Read this and then ask a Republican how Bush's plan can possibly work
Posted by Jill | 6:50 AM
With this kind of sectarian division, how can anyone actually believe that sending 20,000 more soldiers door-to-door armed with semiautomatic weapons is going to result in a peaceful, harmonious, democratic Iraq?

Iraq’s Shiite prime minister and Sunni lawmakers hurled insults at one another during a raucous session of Parliament on Thursday, with the prime minister threatening a Sunni lawmaker with arrest and the Sunni speaker of Parliament threatening to quit.

The uproar revolved around the new Baghdad security plan, but it came as the prime minister, Nuri Kamal al-Maliki, is under increasing pressure to demonstrate evenhandedness. President Bush’s new strategy for Iraq hinges in large measure on the Iraqi government’s ability to rein in both Shiite and Sunni militants.

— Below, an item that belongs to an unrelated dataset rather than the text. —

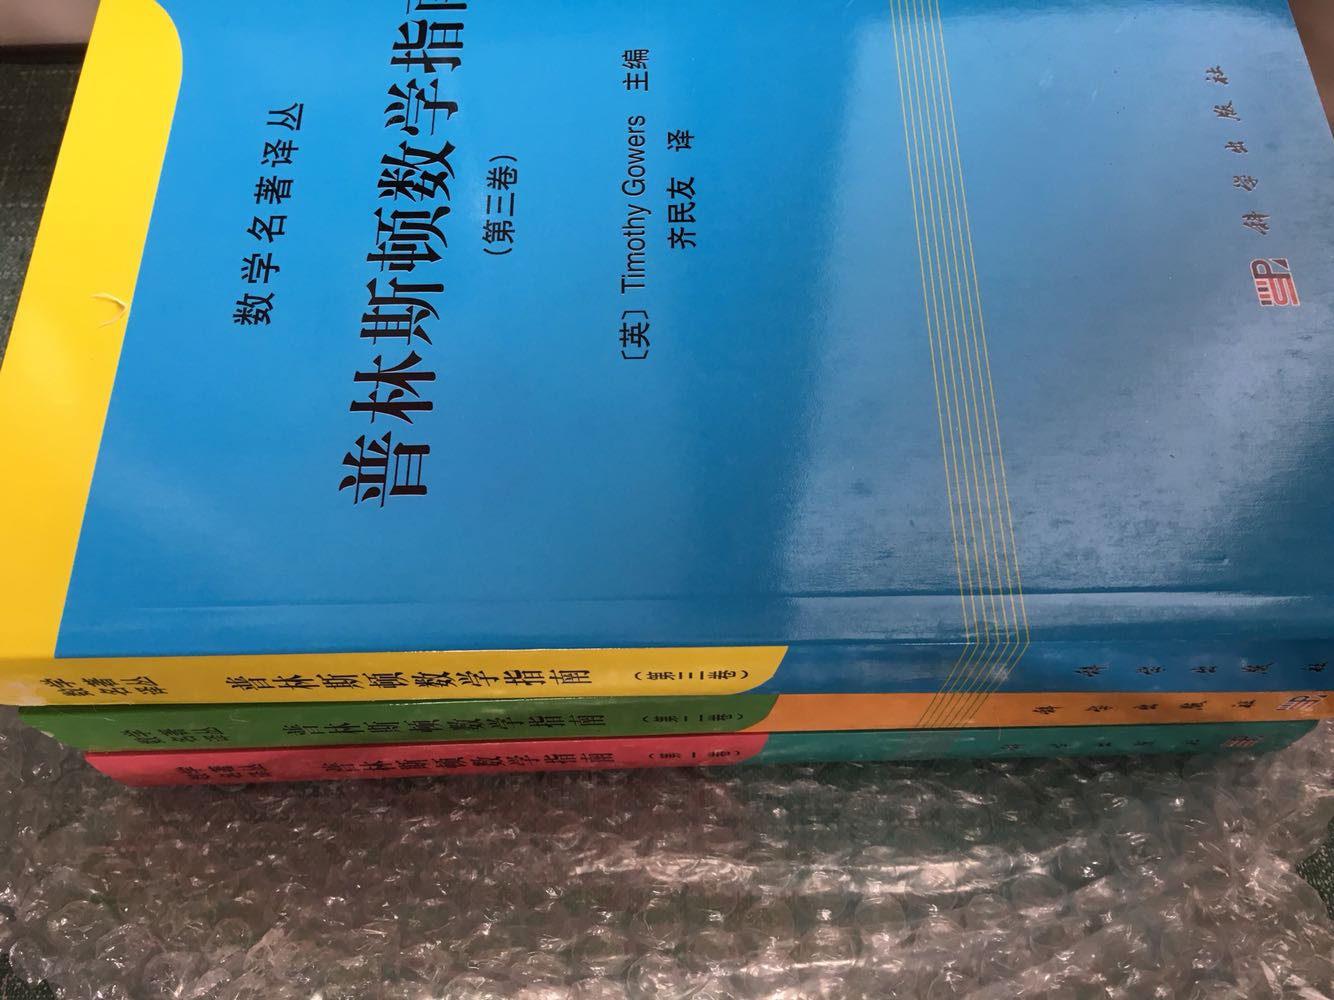 这套书是从北京发来的，外面包装完好，里面的塑封裂了一些书底留了点黑色指印，整体还算干净整洁。晒下三卷书的目录首页和译者，内容广泛，个人认为值得读下去，值得收藏。

In Parliament on Thursday, Mr. Maliki focused his anger on Sunni lawmakers, accusing one of being involved in sectarian kidnappings. The confrontation erupted after Mr. Maliki described the outlines of the new Baghdad security plan and pledged there would be no “safe haven” for militants.

The leader of a powerful Sunni bloc, Abdul Nasir al-Janabi, provoked Mr. Maliki, saying over jeers from Shiite politicians, “We cannot trust the office of the prime minister.”

His microphone was quickly shut off, and Mr. Maliki lashed into him, essentially accusing him of being one of the outlaws he had just said would not be granted sanctuary.

“I will show you,” Mr. Maliki said, waving his finger in the air. “I will turn over the documents we have,” implying that the legislator was guilty of crimes.

While the politicians battled in Parliament, the sectarian battle on the streets went on unabated, with 25 people killed by a suicide car bomb in a Shiite neighborhood in Baghdad.


Heh. Shutting off the microphone. Just like this guy:




(Skip forward to about 4 minutes into this video if you like, but be sure to watch to the very end.)

It looks like this Republican administration in the U.S. really did create "democracy" in their own image in Iraq after all.